In which I solve for relativism
This may be the most important idea I have ever introduced, and it doesn't matter if I'm not the first person to have introduced it.
All that matters is that I have thought of it, and now you may think of it too.
There's an argument, and some of you may have seen this argument, that goes something like this:
- Are you a better person than you used to be?
- If so, you acknowledge that people can be better than they were.
- You also acknowledge that people can be better than each other. If the current version of yourself is better than a previous version, it logically follows that the current version of yourself may be better than the current versions of the people around you. (It may also be worse.)
- What about the culture in which you live? Is it better than it used to be?
- If so, you acknowledge that cultures can be better than they were.
- You also acknowledge that cultures can be better than each other.
You can see where this is going, of course – and although you can encounter this argument in a number of online communities (and it's most appalling when you find it tucked in somewhere you don't expect, e.g. a series of posts about nutrition and biohacking), I first read it in a book that was ostensibly attempting to prove the existence of the multiverse.
I don't want to name the book.
Nor do I care to call out the author.
I will note that nearly everyone who proposes this argument offers the same counterargument, which runs as follows:
- Well, if you don't believe that cultures can be better than each other, you must be a cultural relativist.
- Which means you must approve of [insert terrible thing here].
This, by the way, was an argument/counterargument we encountered in the Philosophy 101 class I took in college, and at the time we were unequipped to solve it – although if I recall correctly our professor steered us towards what might be considered "relativism as long as no harm is being done to physical bodies," at which point I suppose you have to send in the United Nations Department of Peace Operations.
Which bothered me, for decades, because I am not a mind-body dualist and I'm not even sure I'm a relativist. In fact, that one philosophy class was enough to put me off philosophy, as a discipline, until I finally understood that philosophy could be viewed as a form of systems thinking.
At which point I began to study it on my own.
And with Larry.
If you've been reading my blog for more than five minutes, you already know that I consider Larry to be the best person I've ever met, and the joke is always that I should have met more people.
And yet, at our wedding, I told everyone not only that Larry was the best person I'd ever known, but also that my family was the best family – and that I knew many of them thought the exact same thing about the people they loved.
In other words, I said –
and everyone understood this –
"Larry is the best, and our family is the best, because everyone you love is the best."
So much for ranking people by better or worse – and if you're going to take that argument to the same place people have often taken it, so much for ranking cultures.
How do you solve for relativism, then?
It came to me during a Unitarian service, when I suddenly realized that if love were in fact a superpositional state in which you were able to observe a person at both zero and one and actively want them to get to one, you could do the same thing for cultures.
(Or regions, or countries, or forms of government, or whatever you are tempted to rank and condemn.)
Observing the process towards integration does not mean wanting everyone to end up in the same place.
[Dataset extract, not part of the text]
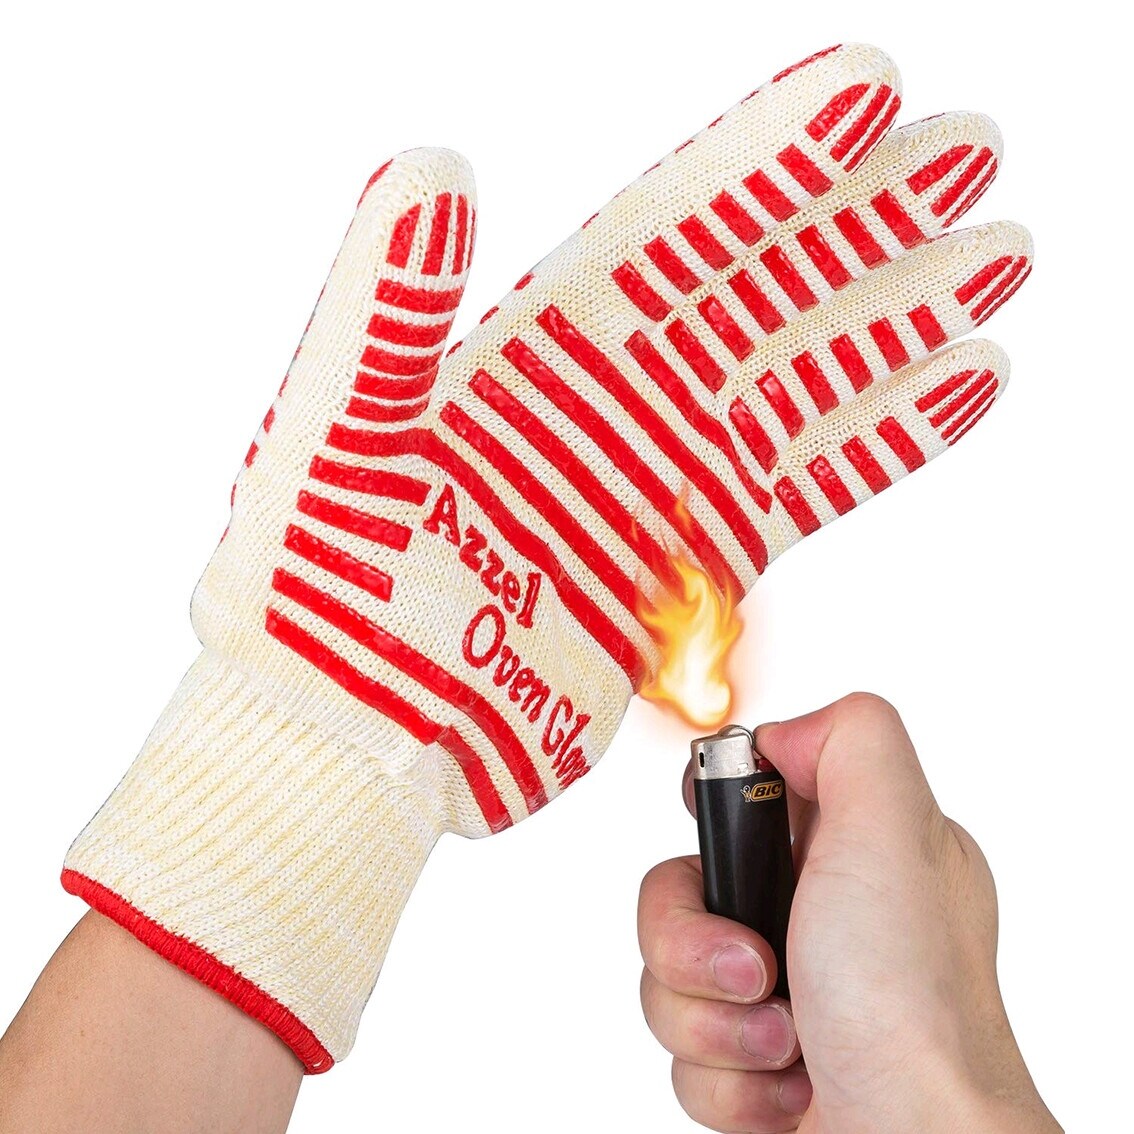 https://ak1.ostkcdn.com/images/products/is/images/direct/6820b0cd2bf57c855de31aa5f6ae130c1cb085b9/Oven-Glove-Oven-Mitts%2CEN407-Certified-Extreme-Heat-Up-to-932%C2%B0F%2CRed.jpg

Nor does it mean categorizing people, or groups of people, by who learns something new first.
It does, however, mean actively wanting universal integration, even though – and especially because – each individual integration may be unique.
(You might call this world peace, although that seems a bit trite for what I'm trying to describe.)
(It was also what Oscar Wilde was writing about, yesterday.)
Many people would prefer at least some disintegration so they could take control over people/cultures/countries they believe to be less capable than themselves, but you don't need me to get into that right now.
Instead I will stop here, and acknowledge that I still don't have the right words for what I mean by "actively want." It's not passive, but neither is it an interference. "Help" might be the better word, but sometimes the best help you can give a person who is trying to work something out is to leave them alone.
Because love, like quantum mechanics, does in fact resolve through nothing more than attention –
and every subsequent re-solving gets you that much closer to one, which is why you are a better person now than you used to be.